Keywords: hematologic malignancies; short-chain fatty acid; antibiotic-associated diarrhea; gut microbiota; intestinal inflammation

1 Introduction

Hematologic malignancies (HMs) encompass a group of malignant transformations which arise from cells located in the primary or secondary lymphoid organs. The three primary types of HMs are leukemia, lymphoma, and multiple myeloma [1]. With the current application of novel cancer treatment modalities, including immunotherapy [2], targeted therapy [3], and particularly small molecule targeted agents [4], the overall survival of patients with HMs has been substantially prolonged. However, due to neutropenia or defective neutrophil functions, impaired T- and B-lymphocyte functions, and defects of vascular endothelial barrier functions, the infection incidence remains 20.8–24.1% in patients with HMs [5].

A multitude of broad-spectrum antibiotics have revolutionized the treatment of infectious diseases. However, the widespread and irrational utilization of antibiotics caused numerous problems; one of the most compelling issues is antibiotic-associated diarrhea (AAD) [6]. As acknowledged, the occurrence of AAD is linked with the dysbiosis of gut microbiota and their metabolites [7].

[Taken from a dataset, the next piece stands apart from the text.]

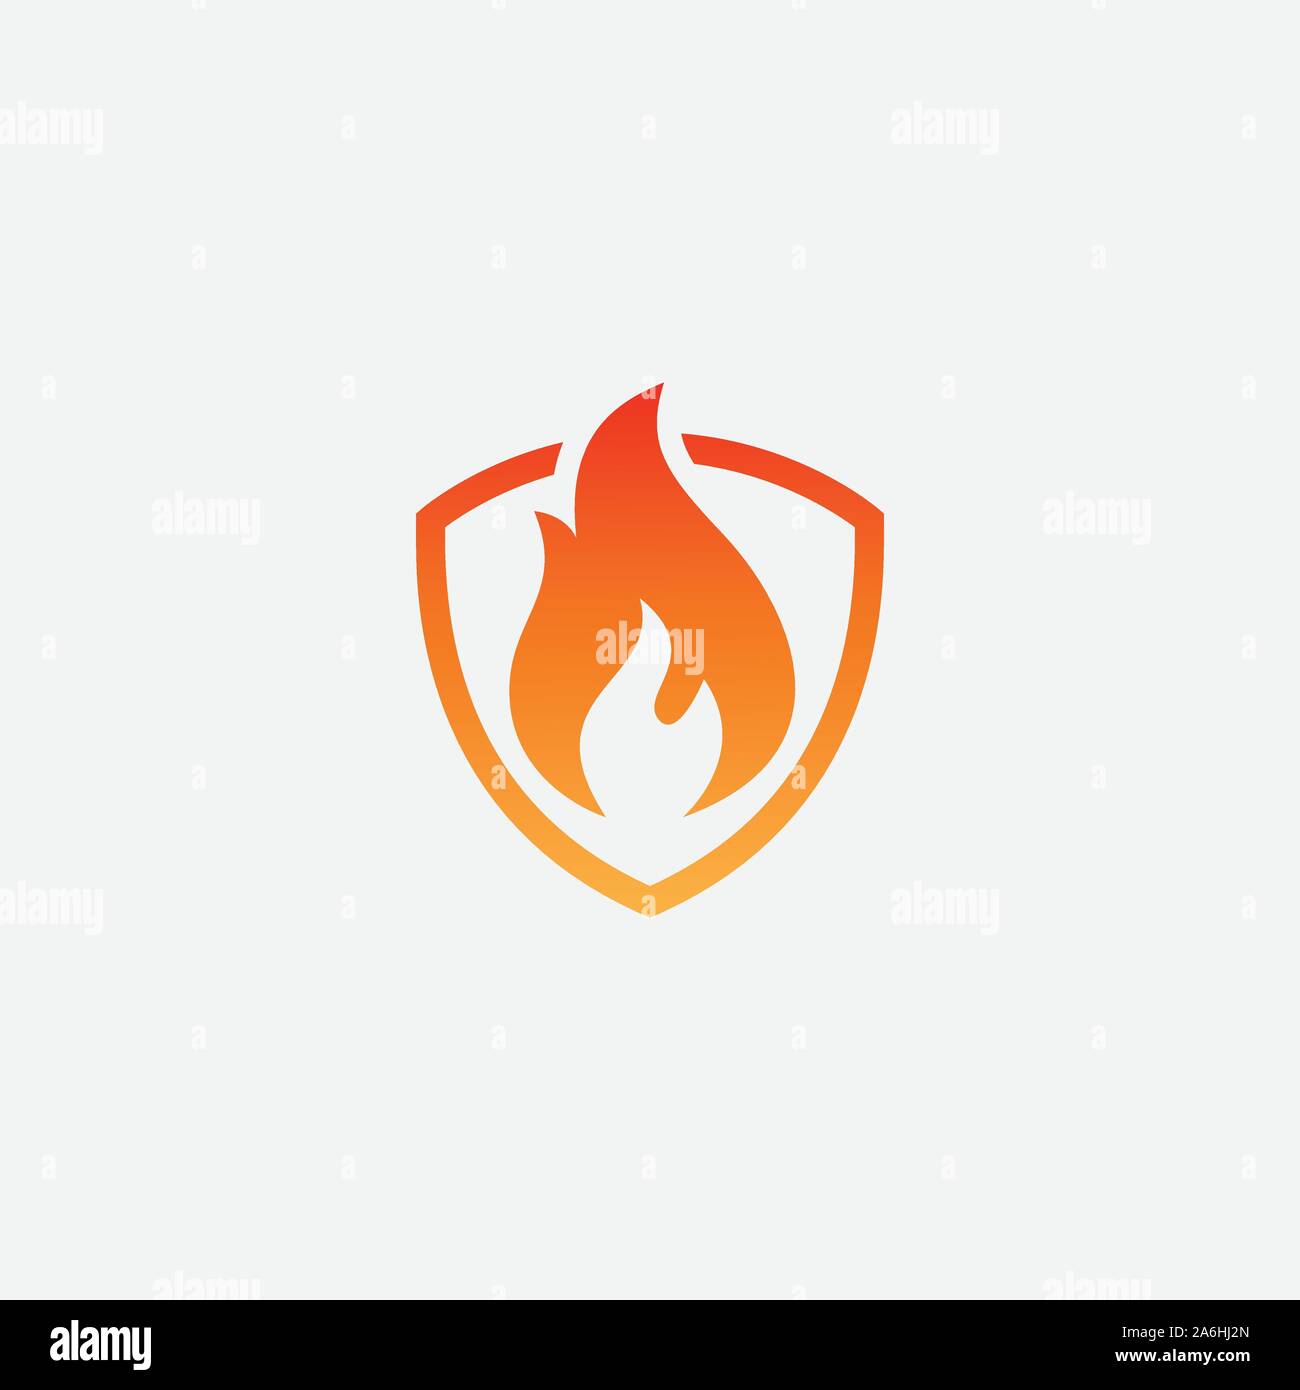 Fire Shield Logo Design Vector Template, Shield Fire Logo Concept, Fire Shield Icon Symbol, Fire protection icon, Security vector icon, Protection icon Stock Vector

Gut microbiota, a diverse community of trillions of microbes, are crucial in the development and physiology of the host [8]. Probiotics administration is a reasonable therapy to rescue gut microbiota [9]. As well known, the intestine health relies on the metabolic compound such as short-chain fatty acids (SCFAs) [10]. SCFA receptors and gut microbiota act as therapeutic targets in immune diseases [11], and SCFAs serve as a possible treatment option for autoimmune diseases [12]. In addition, natural compounds and/or their derivatives enhance the intestinal mucosal barrier function and reduce intestinal mucosal damage in AAD mice by increasing the abundance of SCFAs-producing bacteria [13]. Moreover, in 2024, a new published study reports that milk-derived Lactobacillus with high production of SCFAs relieves AAD in mice [14]. However, the effects of intestinal supplementation with SCFAs on AAD rats are less studied.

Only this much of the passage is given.